Грустно, но уютно было в этой комнате. Сильная лампа из-под зеленого абажура отбрасывала на стол круг белого света, оставляя комнату в полумраке. Около телефонного аппарата лежала записная книжка с номерами телефонов. Я машинально придвинул ее и раскрыл.
«Абраменко» — стояла первая фамилия на букву «А», 9-08-11. Я снял трубку и набрал 9-08-11.
Абраменко не ответил.
Я набрал следующий телефон: Белоконь, 7-14-24. Ответа не было.
Тогда я набрал третий телефон — Борисова, — и у меня прямо сердце похолодело, когда я услышал, что мне ответили.
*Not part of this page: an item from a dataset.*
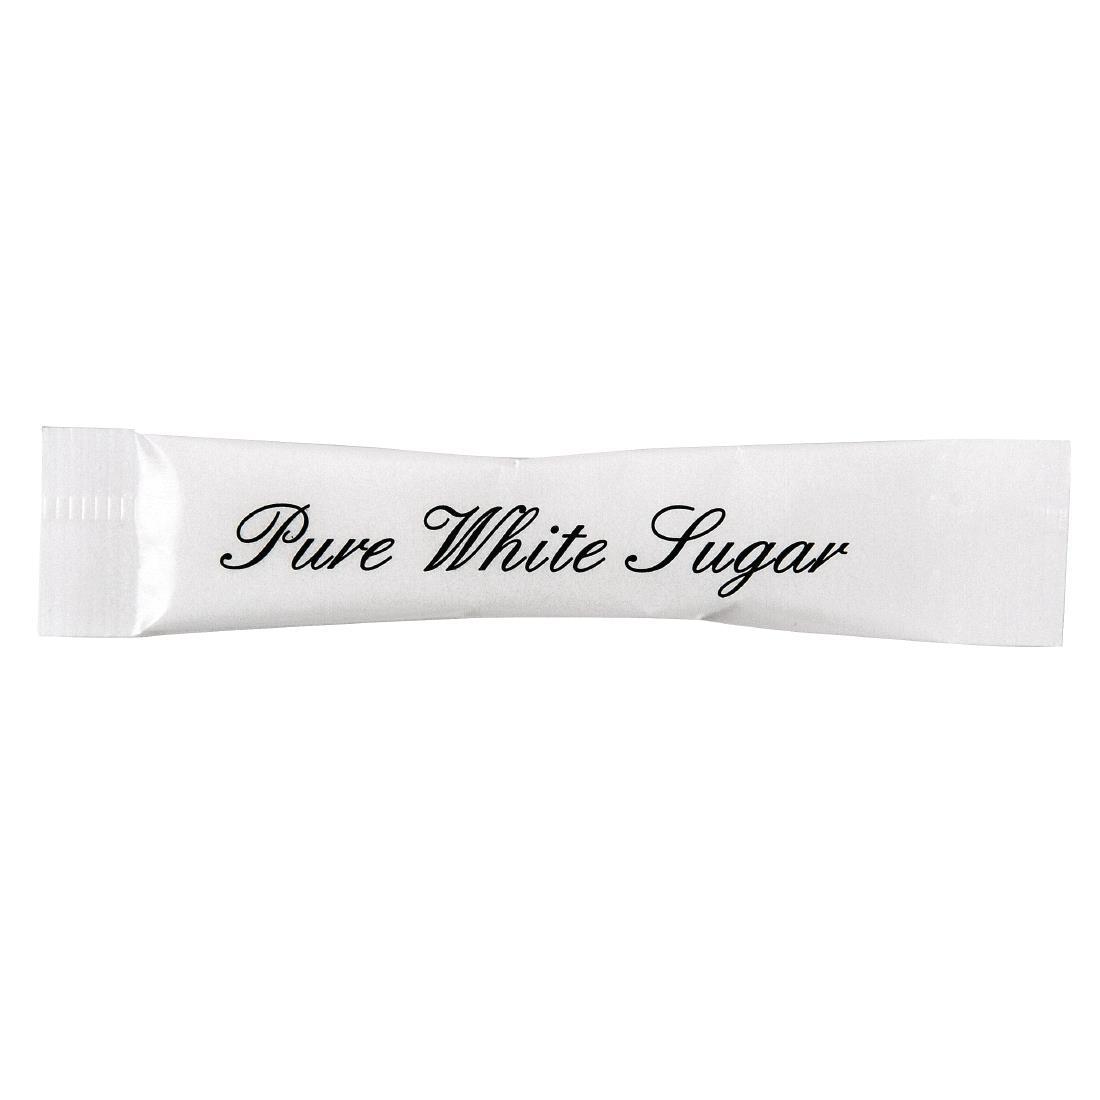 White Sugar Sticks (Pack of 1000) - CC485  - 1

Я поспешно положил трубку на рычаг, — о чем же мне было говорить с незнакомым товарищем Борисовым?.. Но через минуту я снова стал набирать телефон Борисова, — мне необходимо было почувствовать, что в городе я не один. Я извинюсь, дам объяснения и спрошу, не сочтет ли нужным неизвестный мне Борисов позаботиться о библиотеке и вещах его знакомого, из комнаты которого я звоню, но фамилии которого не знаю. Я посмотрел на номер аппарата: 4-00-32.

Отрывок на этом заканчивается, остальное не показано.